[Start of Attachment]
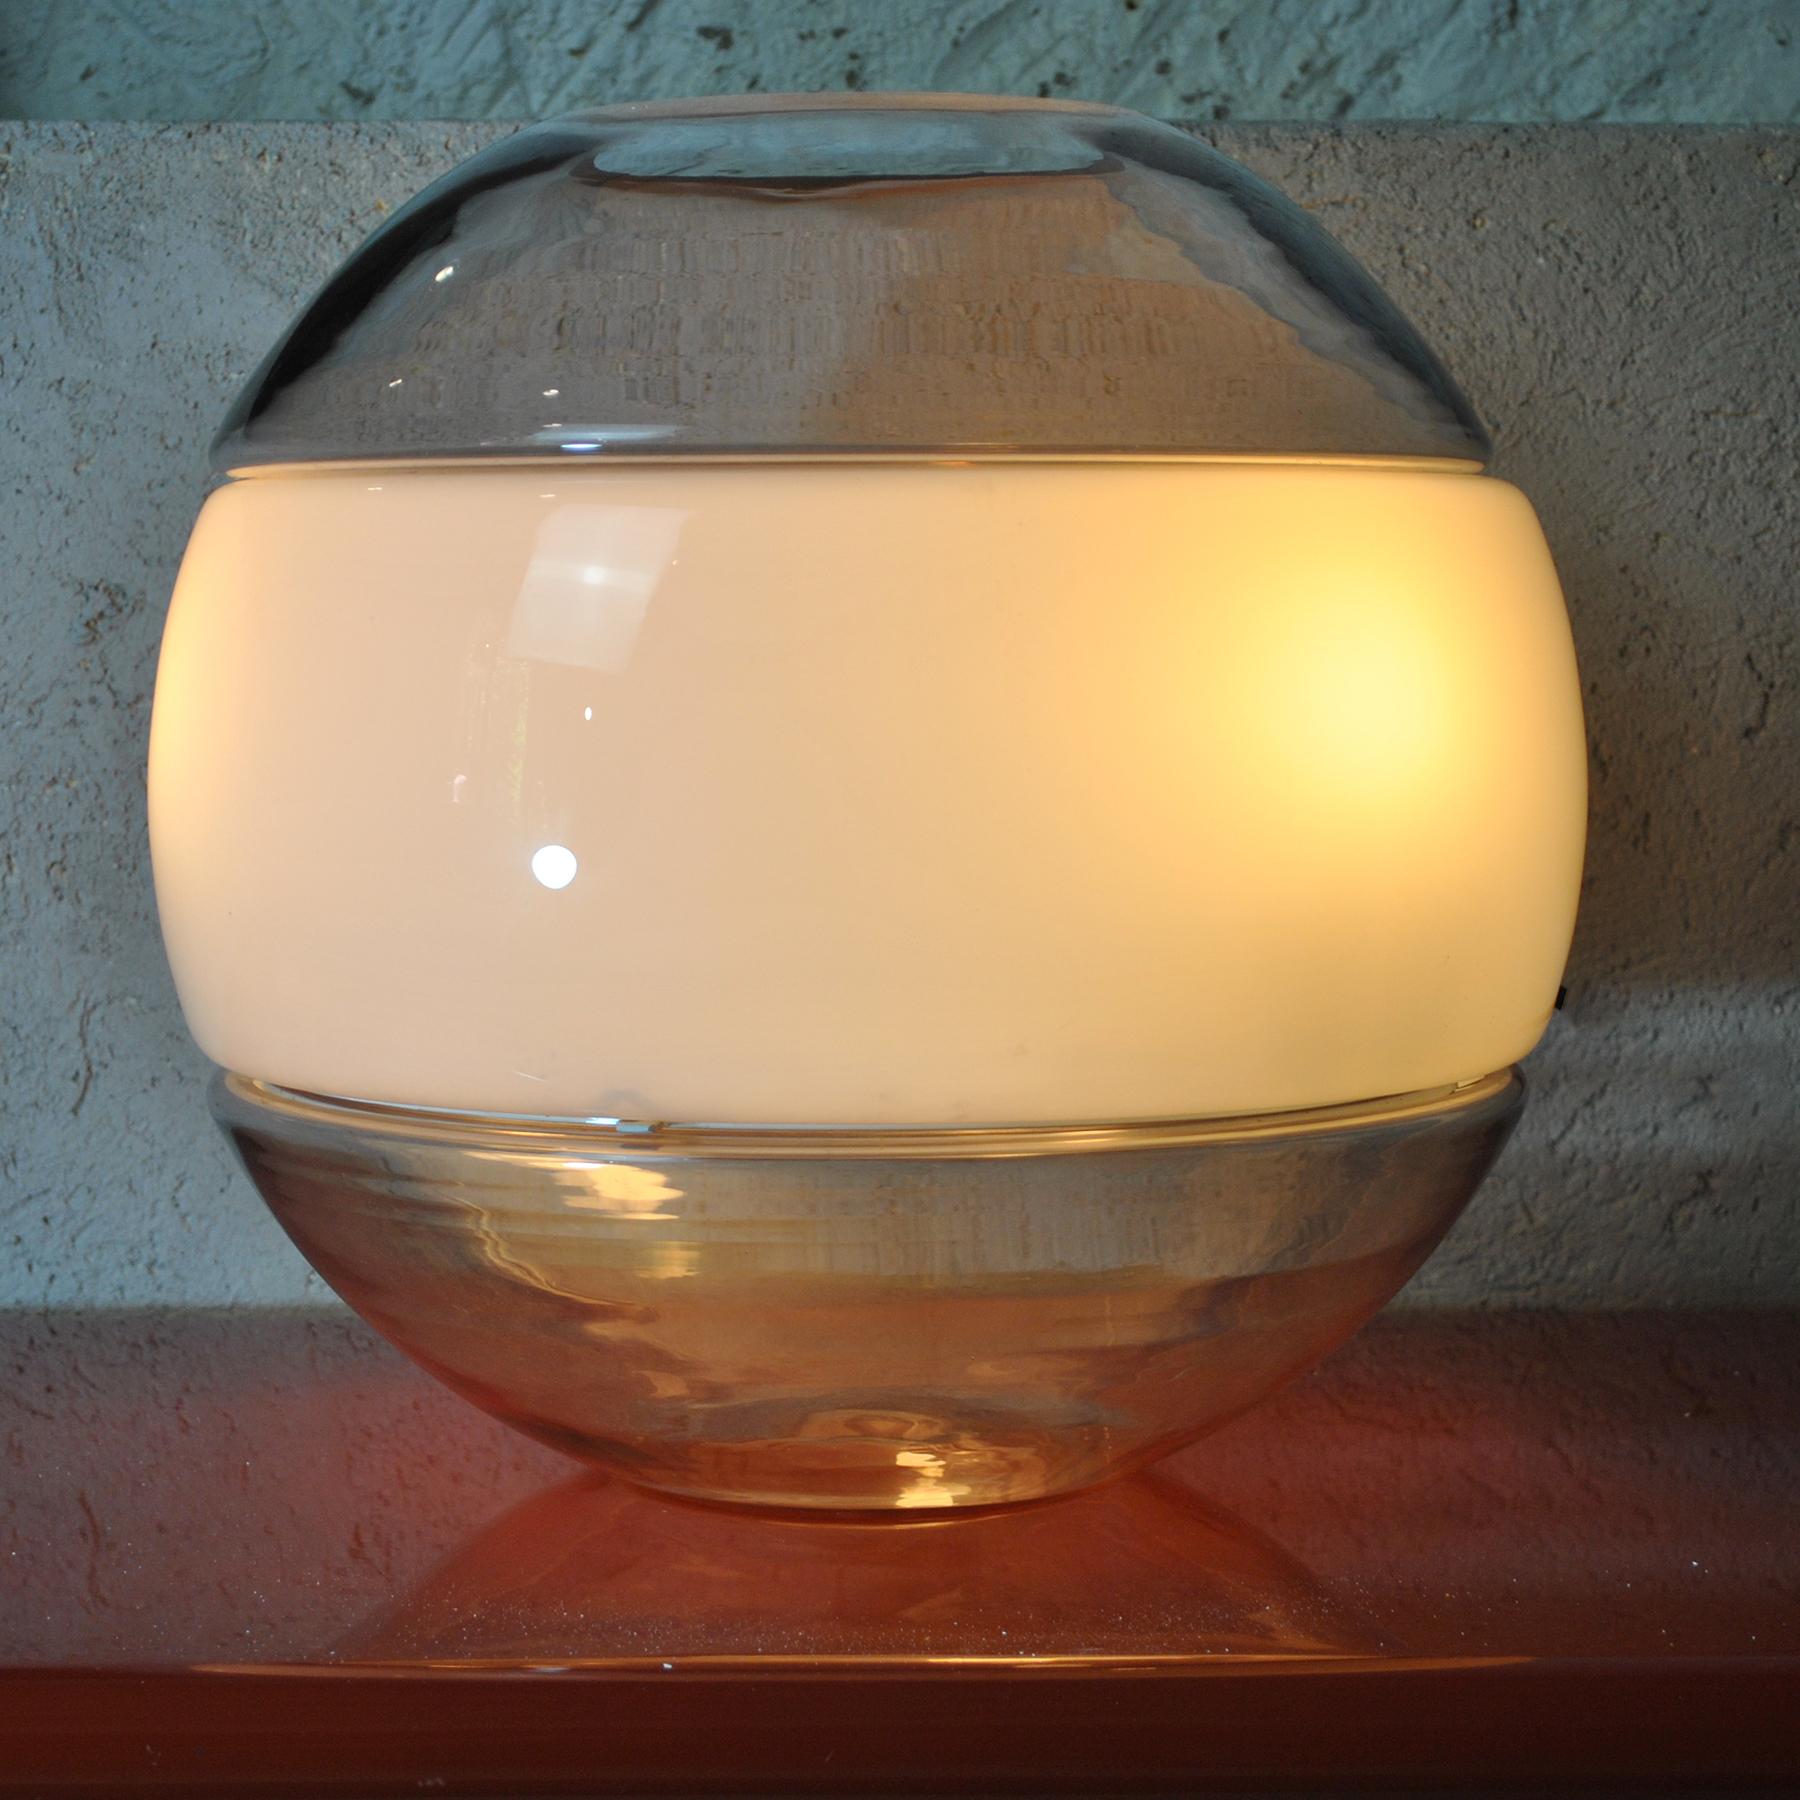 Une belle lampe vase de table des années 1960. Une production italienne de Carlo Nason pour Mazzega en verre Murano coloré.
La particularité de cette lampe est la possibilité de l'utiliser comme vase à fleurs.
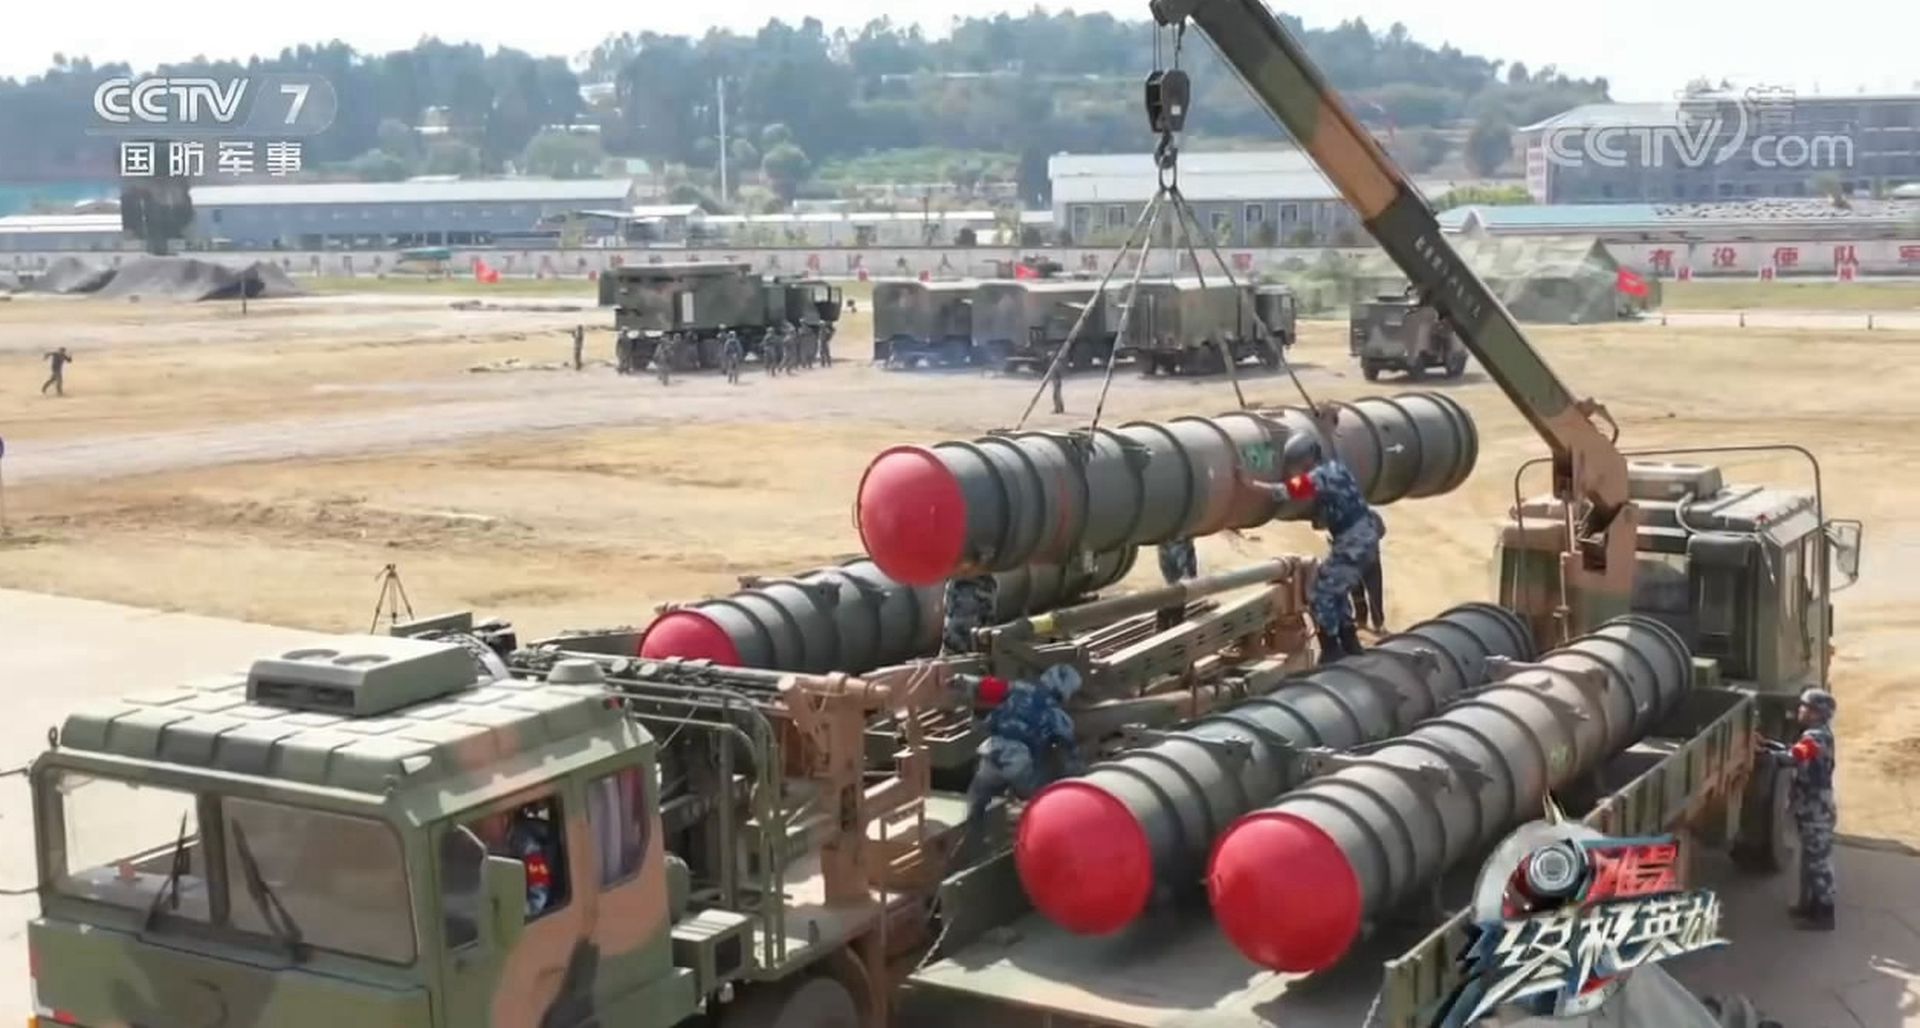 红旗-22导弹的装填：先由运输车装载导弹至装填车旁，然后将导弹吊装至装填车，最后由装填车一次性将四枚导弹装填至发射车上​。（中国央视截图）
[End of Attachment]
> _Problem details_
Copy out exactly, with no pictures, the lines of the data from the first one through the line bearing "La particularité de".

> _Answer area_
 Une belle lampe vase de table des années 1960. Une production italienne de Carlo Nason pour Mazzega en verre Murano coloré.
La particularité de cette lampe est la possibilité de l'utiliser comme vase à fleurs.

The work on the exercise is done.